Following the Creature’s escape from confinement, this pattern repeats on a broader scale when he is repeatedly shot by others whenever he is seen, not because of any demonstrable danger, but because his body resists familiar categorization.

Objectification of a Living Creature

Victor’s subsequent insistence on referring to the Creature as »it« further reinforces this logic, reducing a sentient being to an object and stripping him of subjecthood in much the same way women are frequently objectified within patriarchal discourse. This pain of being objectified becomes clear when Victor states that he has created »something horrible«, and the Creature responds, »Not something. Someone. You made someone.« The film thus repeatedly emphasizes that the Creature’s suffering is not inherent but produced and manufactured by a system that brings life into being while refusing care, recognition and respect.

Within this framework Elizabeth acquires particular significance. Unlike Shelley’s novel, where Elizabeth is positioned as Victor’s fiancée, the film reassigns her as the fiancée of William, a narrative alteration subtly shifting her role from emotional center to transferable figure within a patriarchal structure. This change becomes especially noticeable through the actions of Harlander. As he faces the fear of death, his desperation exposes the logic underlying his authority through the dialogue »Name it, it’s yours. Even Elizabeth«. He offers Victor wealth, resources, and ultimately Elizabeth herself in exchange for survival, proposing her as leverage to persuade Victor to implant his soul into the Creature’s body.

What is striking in this exchange is not only its moral discomfort, but its casualness. Elizabeth’s consent is neither requested nor imagined. She is treated as a negotiable asset, an object of exchange rather than a subject with agency. This moment, when read alongside Victor’s abandonment of the Creature, reveals a shared structure of male domination. Both the Creature and Elizabeth are positioned as means rather than ends. They are valued only as long as they serve male ambition, longevity, or control.
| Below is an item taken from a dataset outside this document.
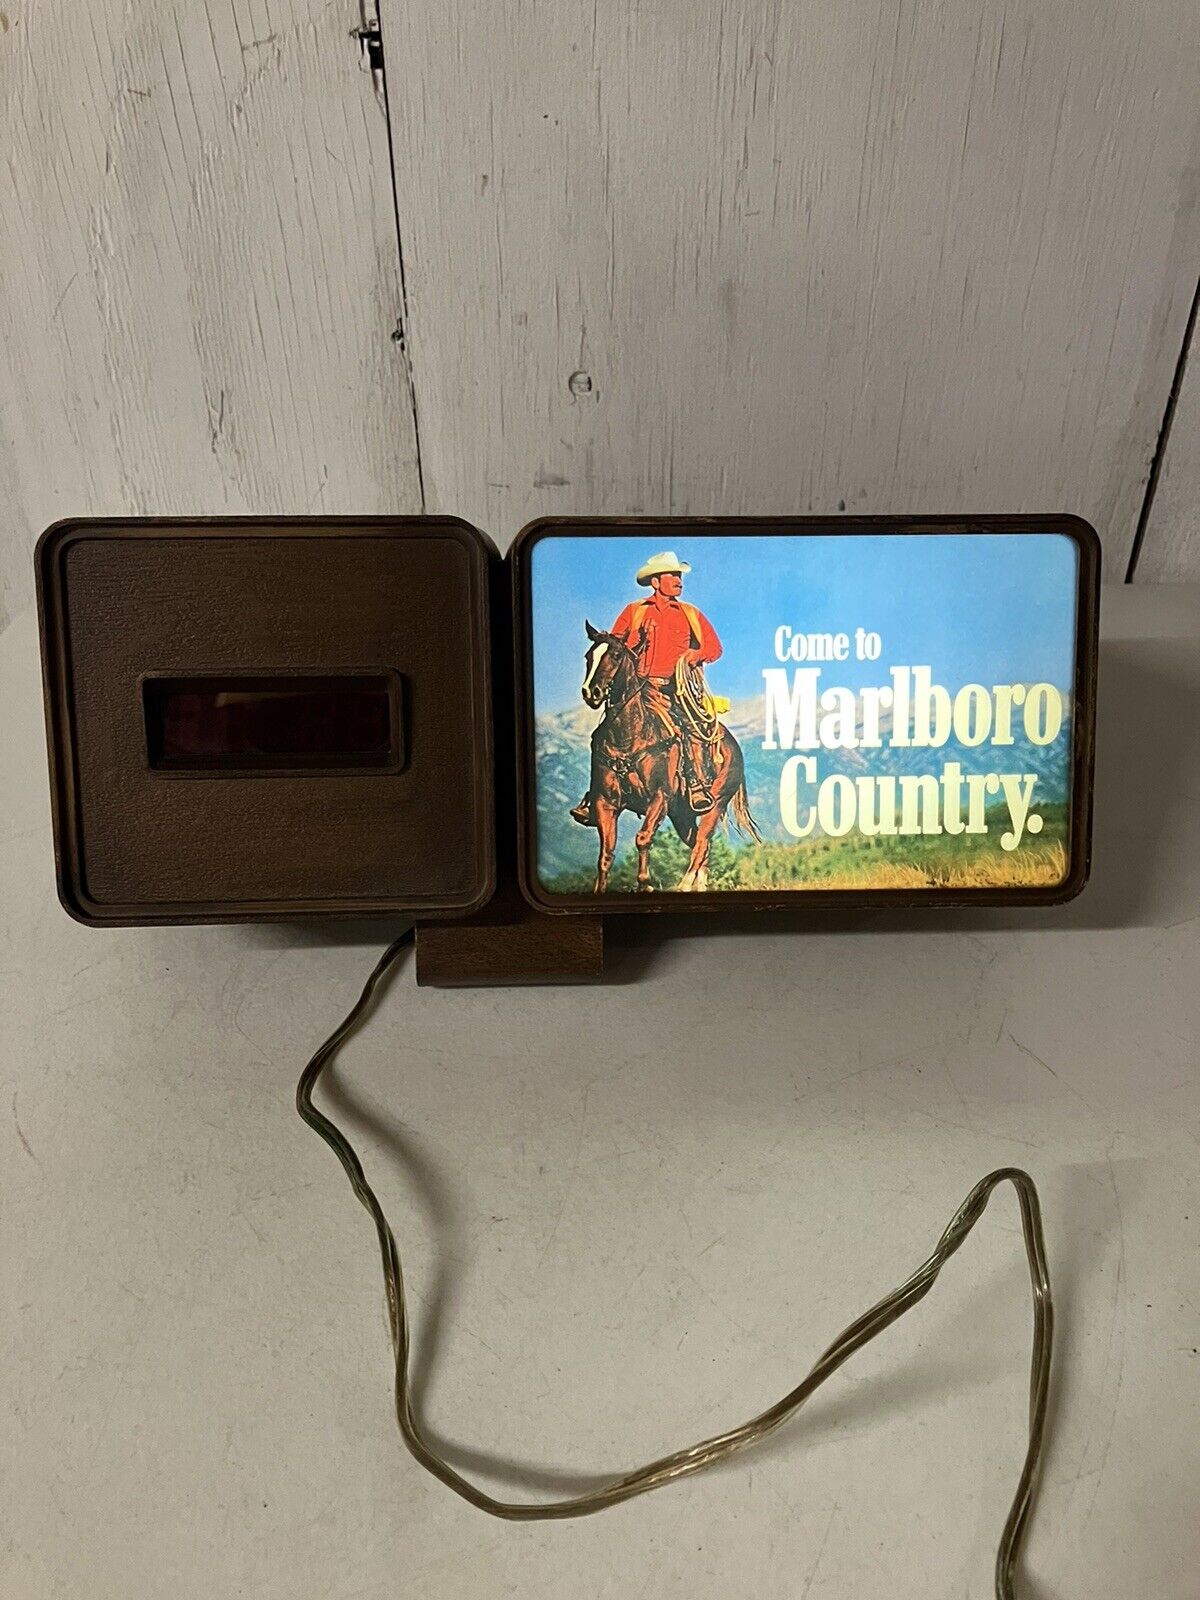 Marlboro Country Marlboro Man Light & Digital Clock Sign - Clock Doesn’t Work

Denial of Recognition and Autonomy

This dynamic resonates beyond the gothic narrative, particularly when read in relation to historical patterns of authority that define, produce, and regulate life without granting autonomy. The Creature’s namelessness is central to this condition. He is spoken about, classified, and feared, yet never addressed as a subject by either his creator or the society that denies him legitimacy. His identity is consistently relational. This form of denied recognition mirrors feminist analyses of women’s historical exclusion from autonomous subjecthood. Like the Creature, women often have been socially legible primarily through relational identities ­­— daughter, wife, mother — rather than as self-defining individuals. The persistence of patriarchal naming conventions, in which women adopt paternal or marital surnames while maternal lineage remains unacknowledged, further reinforces this structural dependency. Identity thus emerges not as an inherent possession but as a status conferred within systems that privilege masculine continuity.

Picture: IMDB
Frankenstein (2025)
Director: Guillermo del Toro

Although the film does not overtly connect Elizabeth’s experience with the Creature’s suffering, the parallel emerges through absence; absence of freedom, absence of voice, absence of choice. The Creature articulates his anguish through isolation and rage when Elizabeth does so through silence and restraint. Both, however, exist within systems that deny them autonomy while asserting authority over their bodies and futures.

The film ultimately suggests, perhaps not intentionally, that monstrosity is not located in the created being, but in the refusal to acknowledge responsibility for creation itself. It is within this tension that Shelley’s novel continues to resonate, and where contemporary adaptations reveal the persistence of her central questions: how responsibility is evaded after creation, how power is exercised over bodies framed as requiring protection and guidance while being denied self-determination.